Un kyste, tendance à la récidive
Rempli de liquide, d'un diamètre de quelques milimètres à un centimètres il surgit plus fréquemment entre 40 et 50 ans. Soit durant la péri-ménopause. Isolé ou en groupe, il est la conséquence d'une dilatation d'un des multiples canaux galactophores (transportant le lait). Toujours bénin, il est parfois douloureux, mobile (il «roule» sous la peau), lisse et rond. Il est aisément diagnostiqué par palpation, par mammographie et/ou par échographie. Ce dernier examen différencie un kyste au contenu liquide d'une tumeur solide. La thérapie est simple : une ponction, sous anesthésie locale, réduit le kyste en quelques secondes et permet d'analyser son contenu.

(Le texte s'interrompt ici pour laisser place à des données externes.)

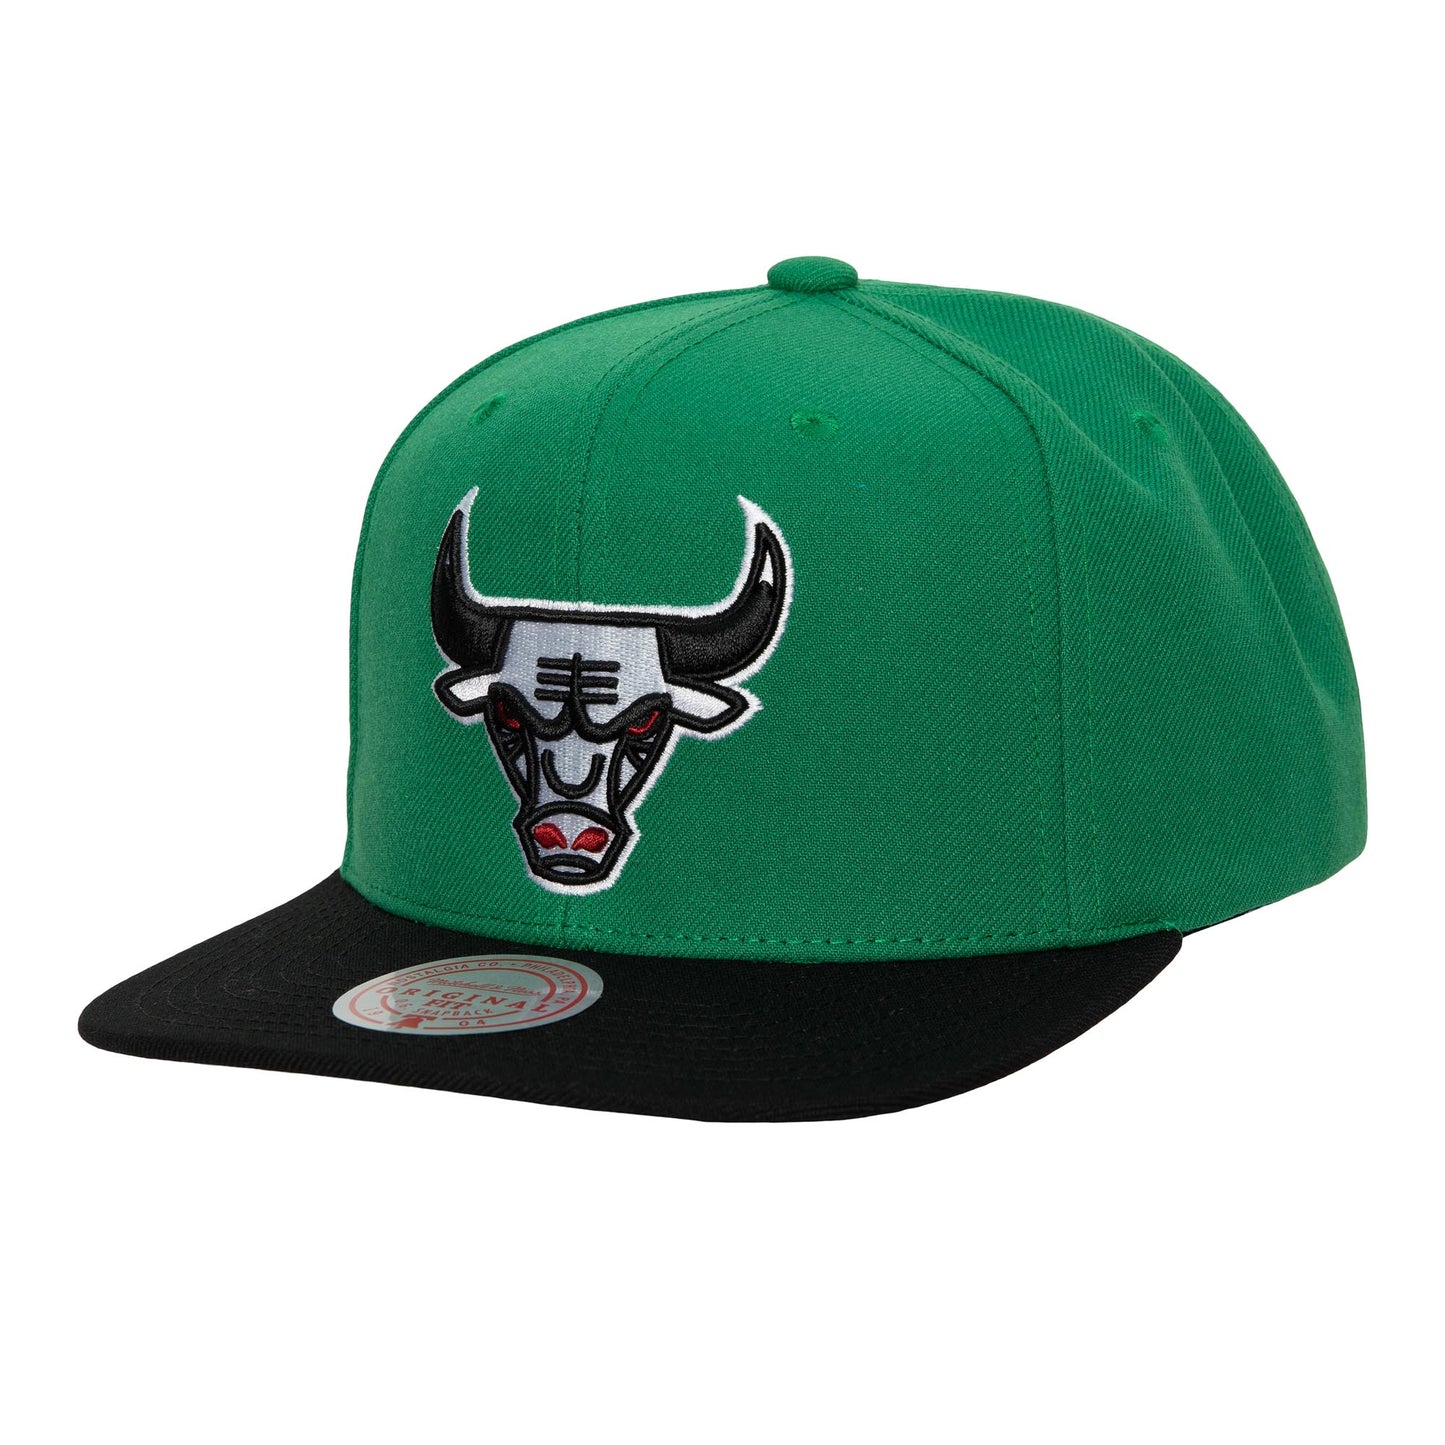 Chicago Bulls Green/Black Snapback Hat

La récidive n'est pas rare et exige le même traitement.
Les kystes fibreux (maladie de Reclus, mastopathie fibrokystique et dystrophie mammaire) font exception. Il s'agit de la combinaison de plusieurs kystes et d'une fibrose. Ils sont souvent sans gravité, bien que celles qui en souffrent s'inquiètent en cas d'apparition de nouvelles grosseurs. Parfois, ces kystes fibreux s'accompagnent d'une prolifération des cellules qui recouvrent les parois des canaux galactophores. Les risques de développer une tumeur maligne sont alors plus élevés.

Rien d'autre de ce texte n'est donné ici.